• PROMPT:
Retype exactly the span of lines below from the one with "Bunte Ballons prägten" through the one with "New Ventures Bank". Do not include pictures.

• SUPPLIED ENTRIES:
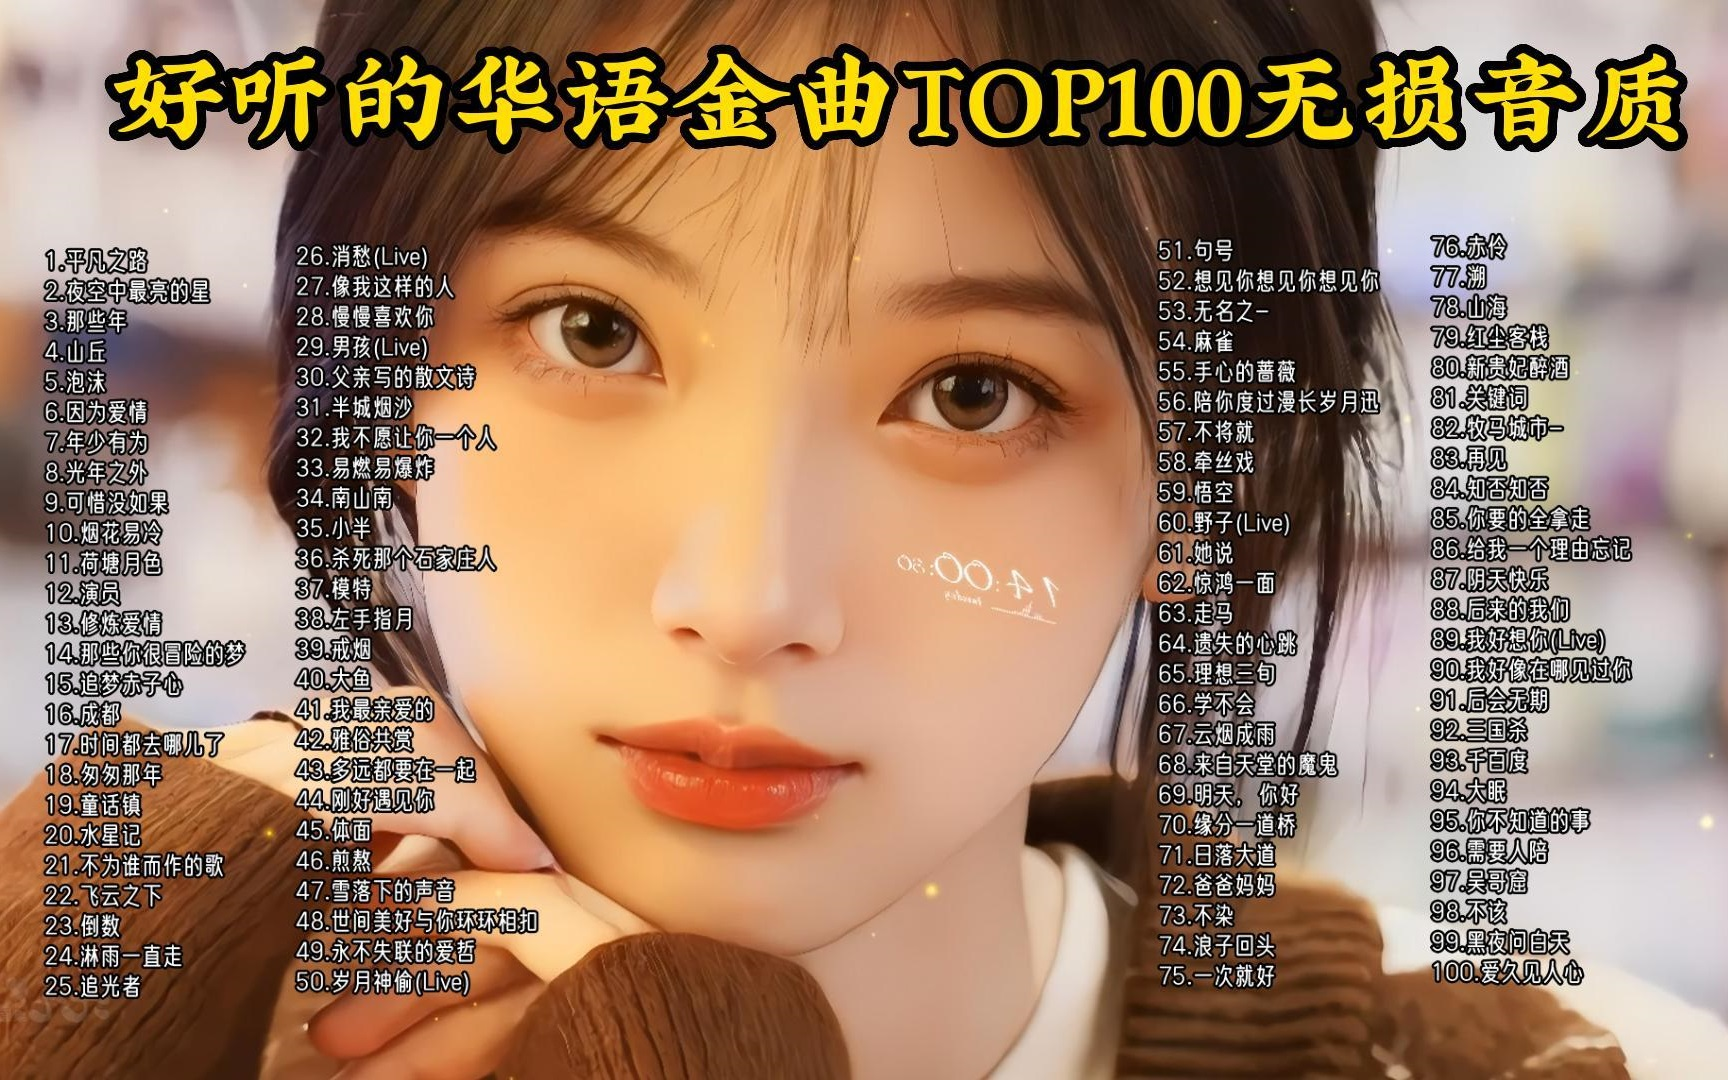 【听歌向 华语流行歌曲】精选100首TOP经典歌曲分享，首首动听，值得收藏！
* * *
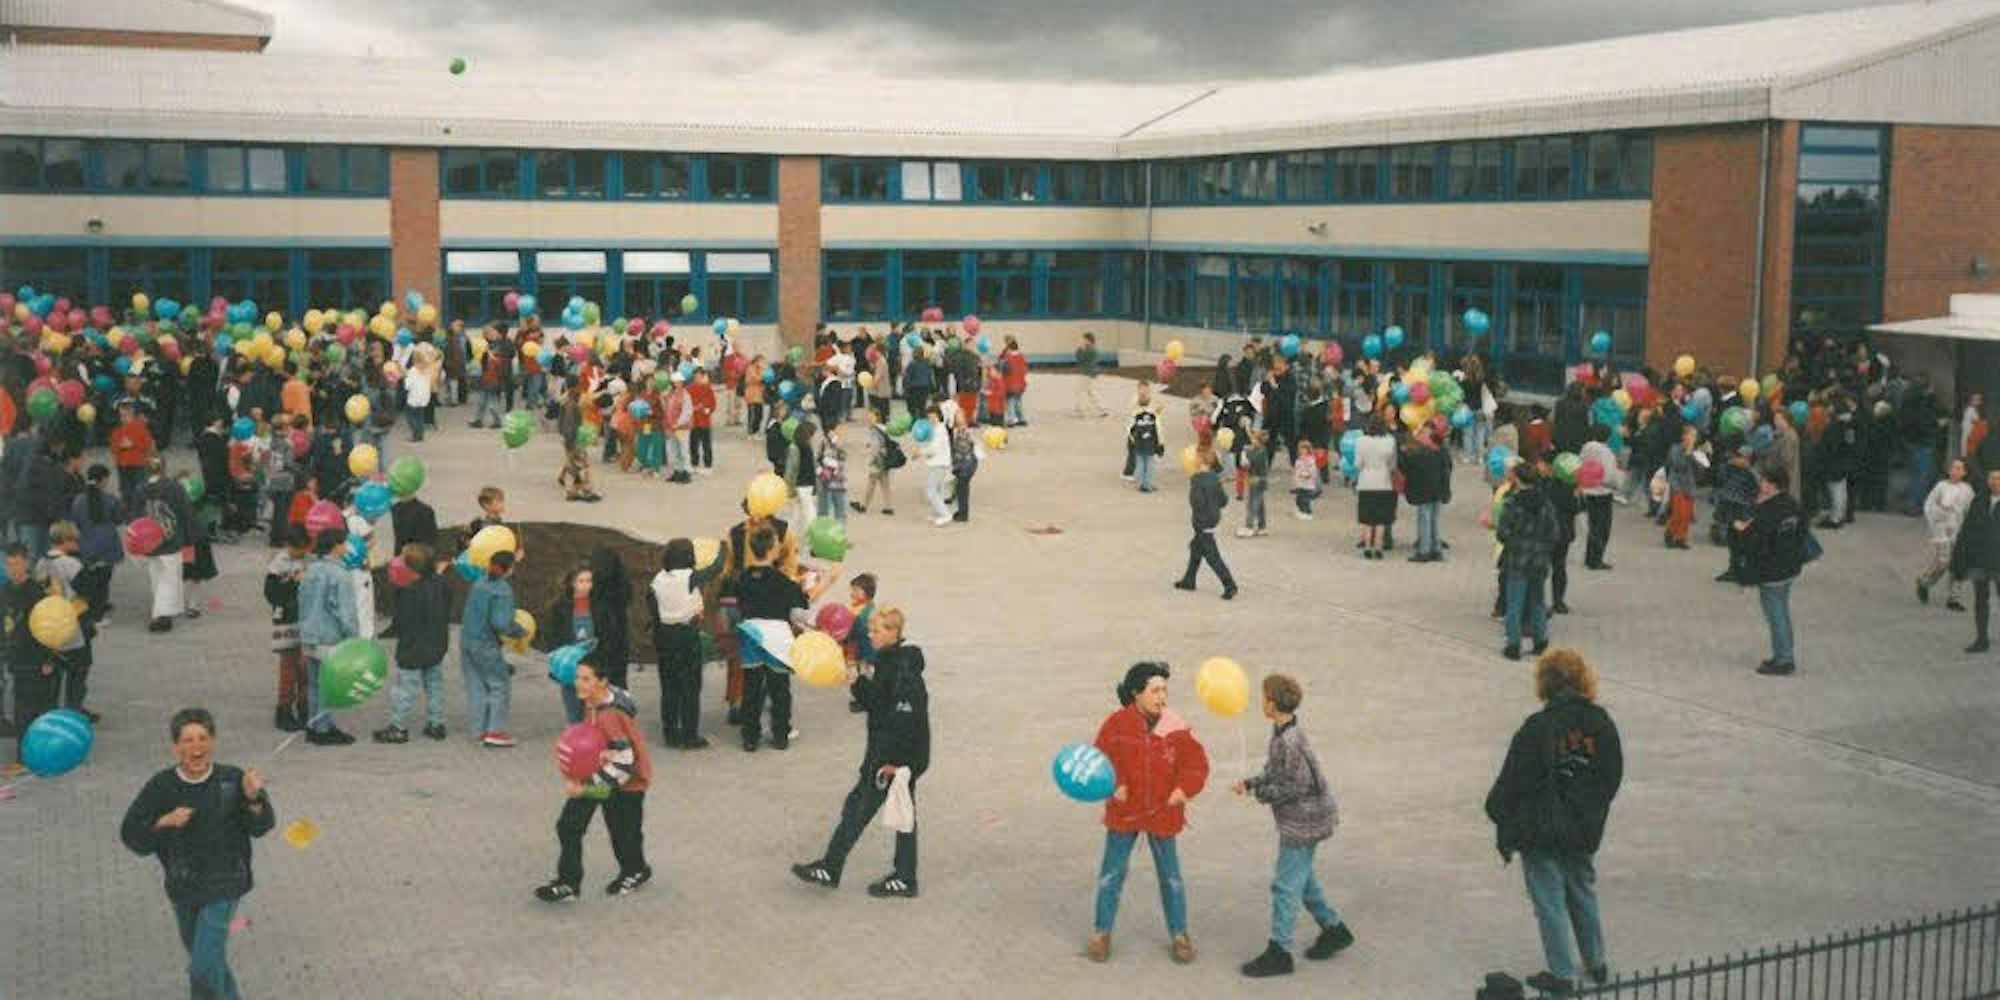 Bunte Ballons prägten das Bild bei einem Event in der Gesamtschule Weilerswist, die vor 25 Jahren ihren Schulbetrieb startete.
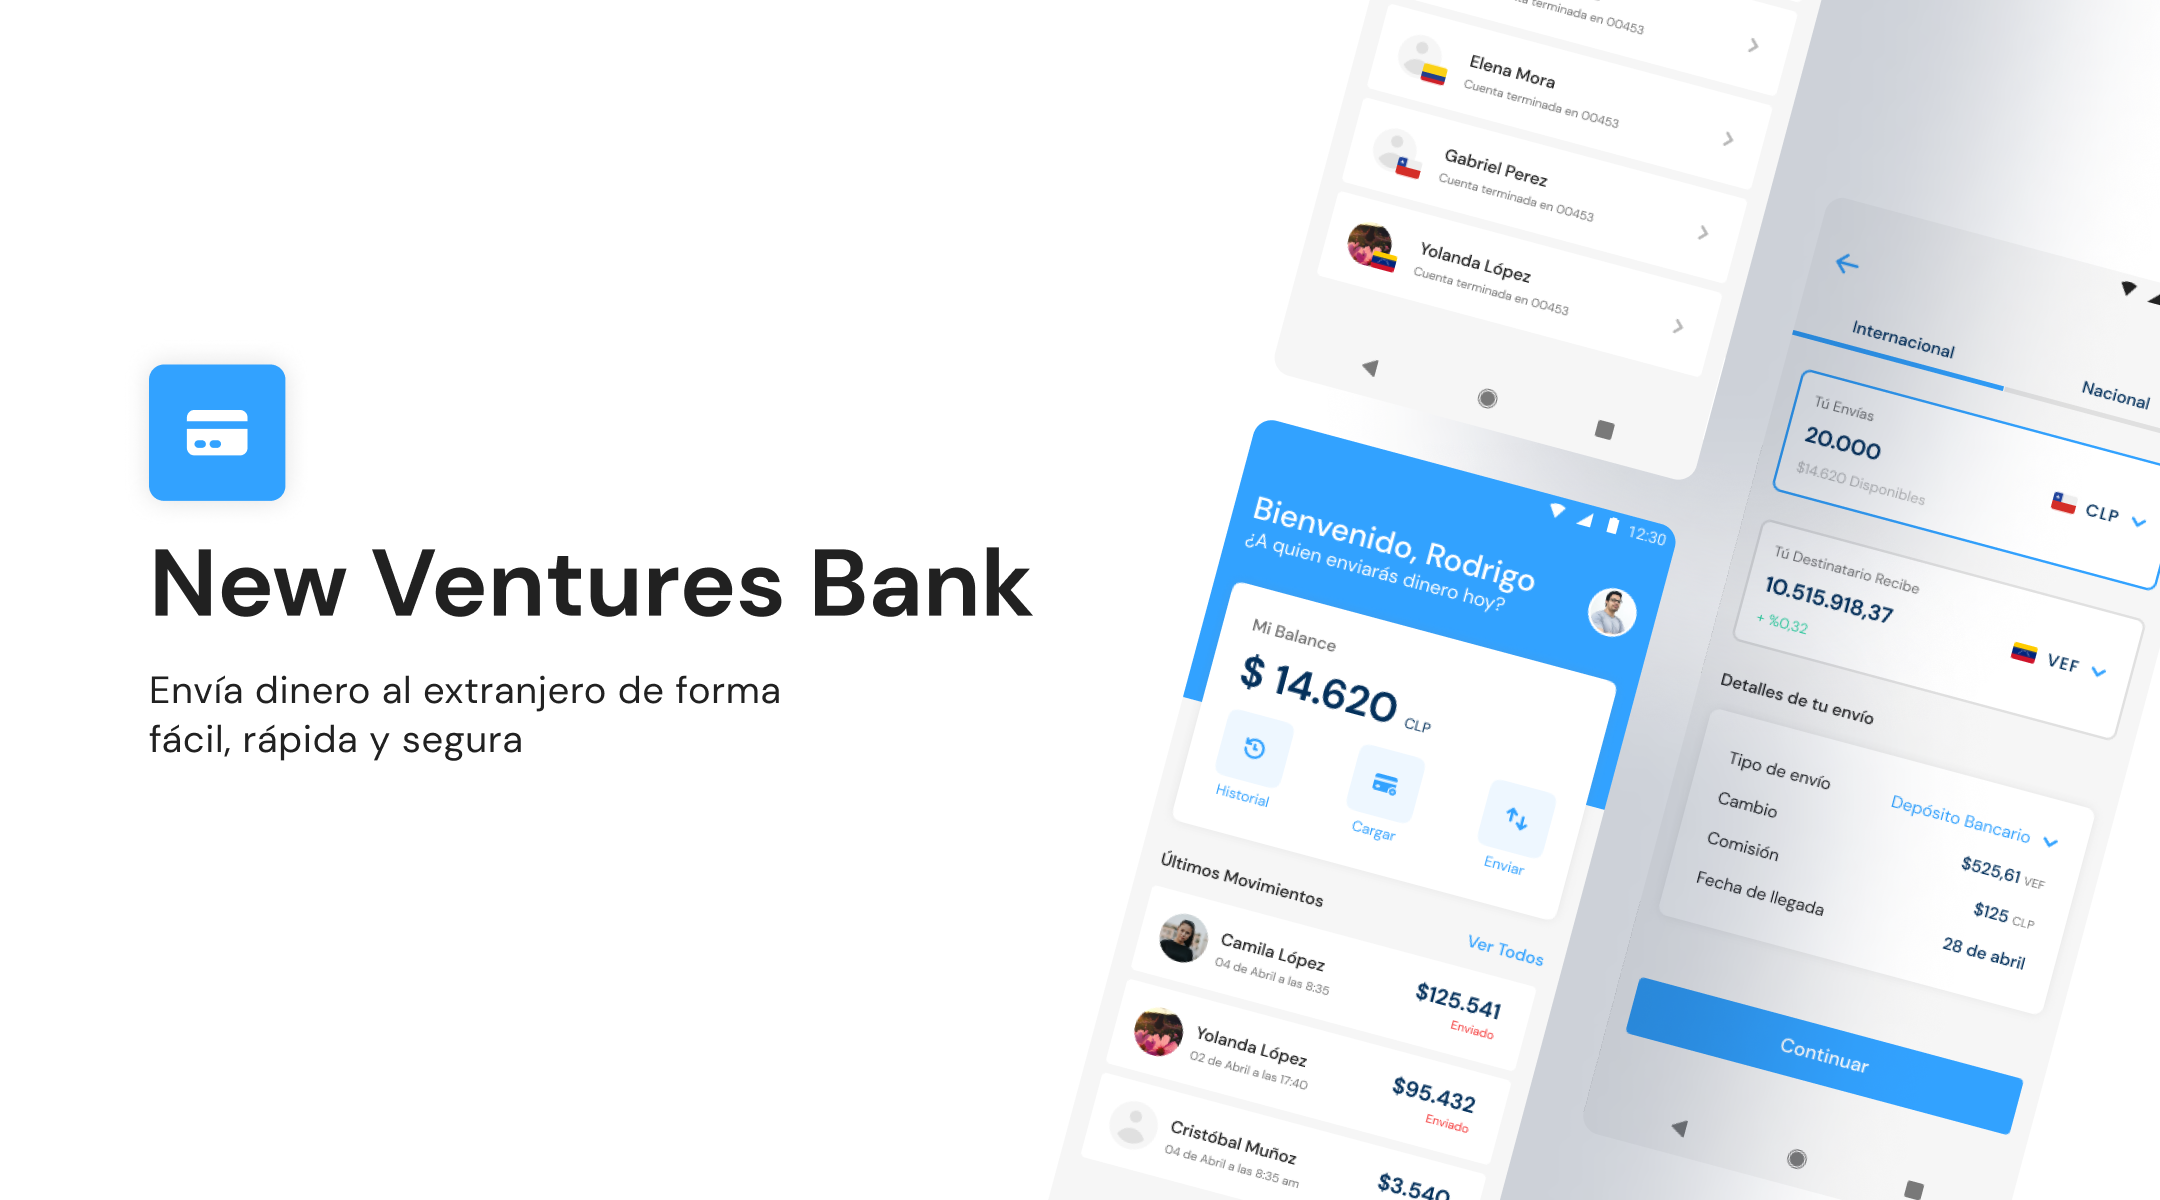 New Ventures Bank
---
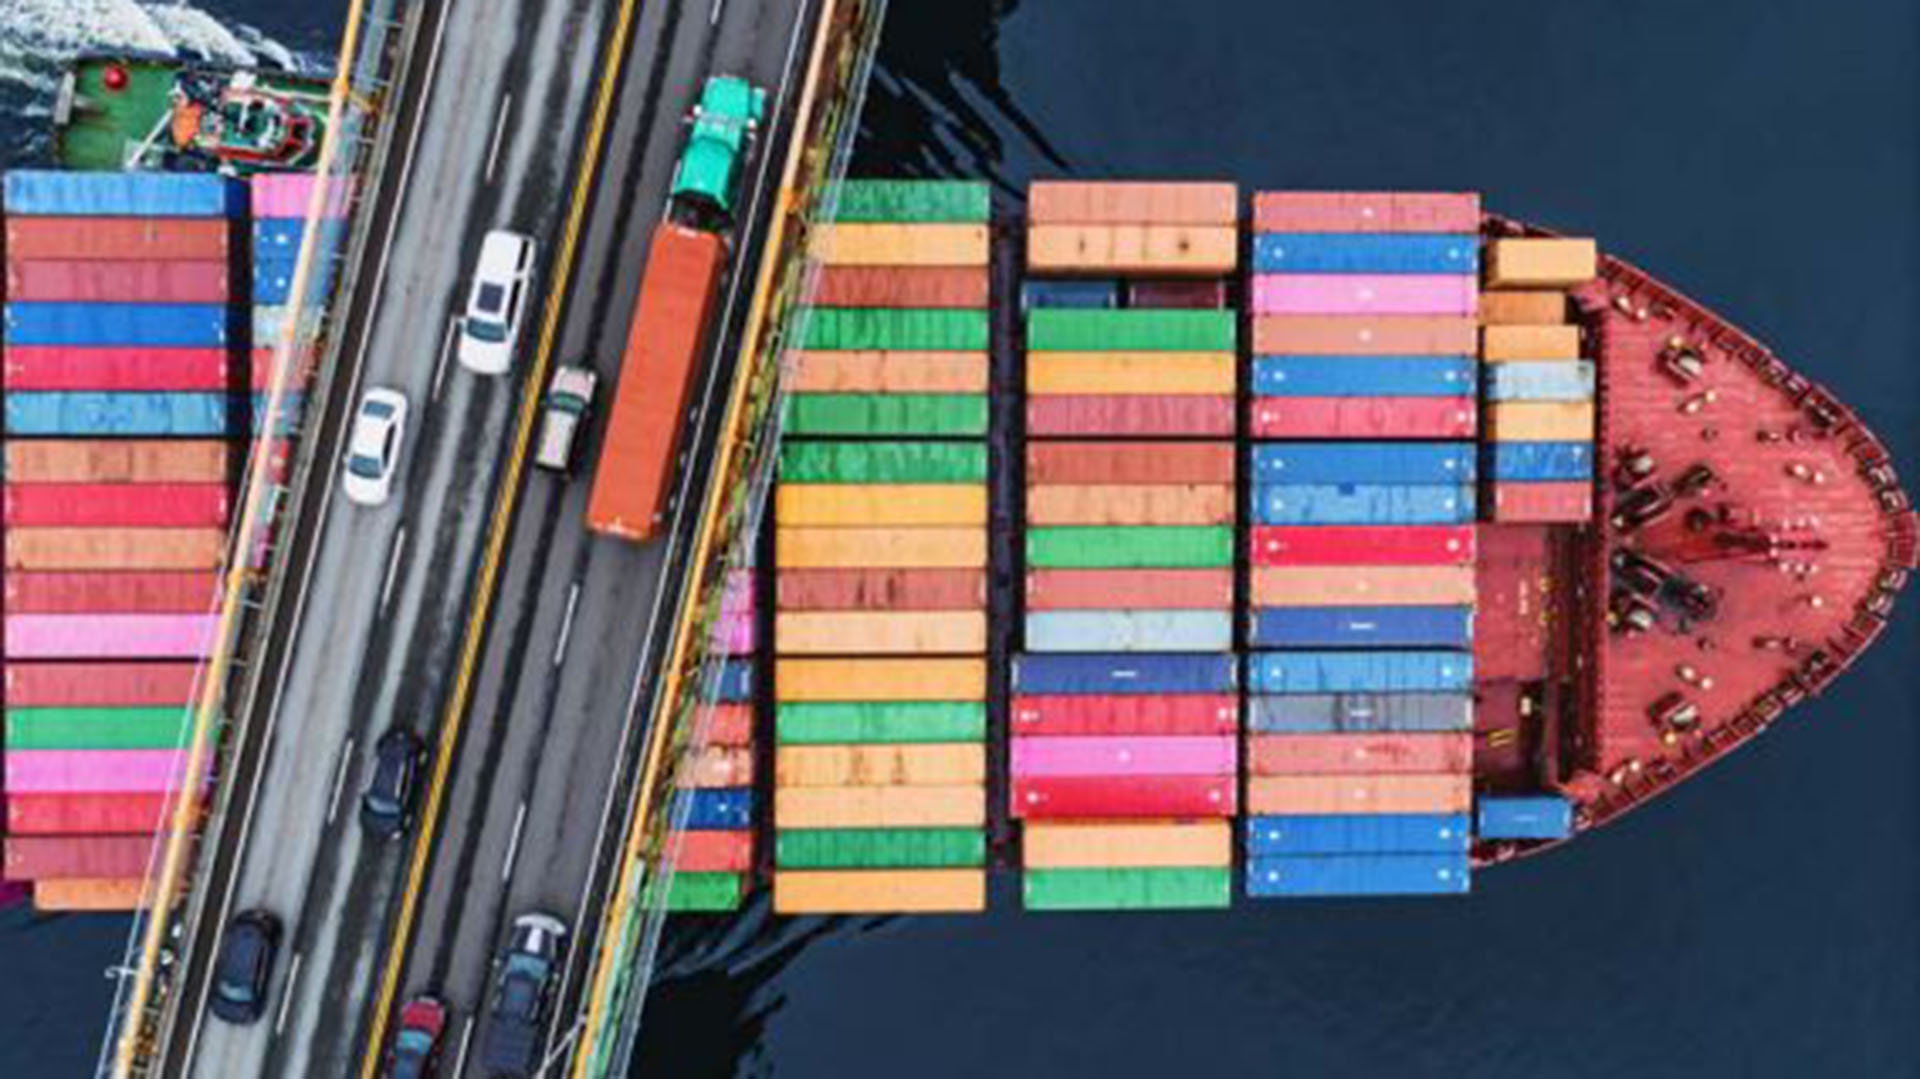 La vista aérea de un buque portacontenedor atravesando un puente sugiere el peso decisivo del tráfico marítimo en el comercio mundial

• EXERCISE RESPONSE:
 Bunte Ballons prägten das Bild bei einem Event in der Gesamtschule Weilerswist, die vor 25 Jahren ihren Schulbetrieb startete.
 New Ventures Bank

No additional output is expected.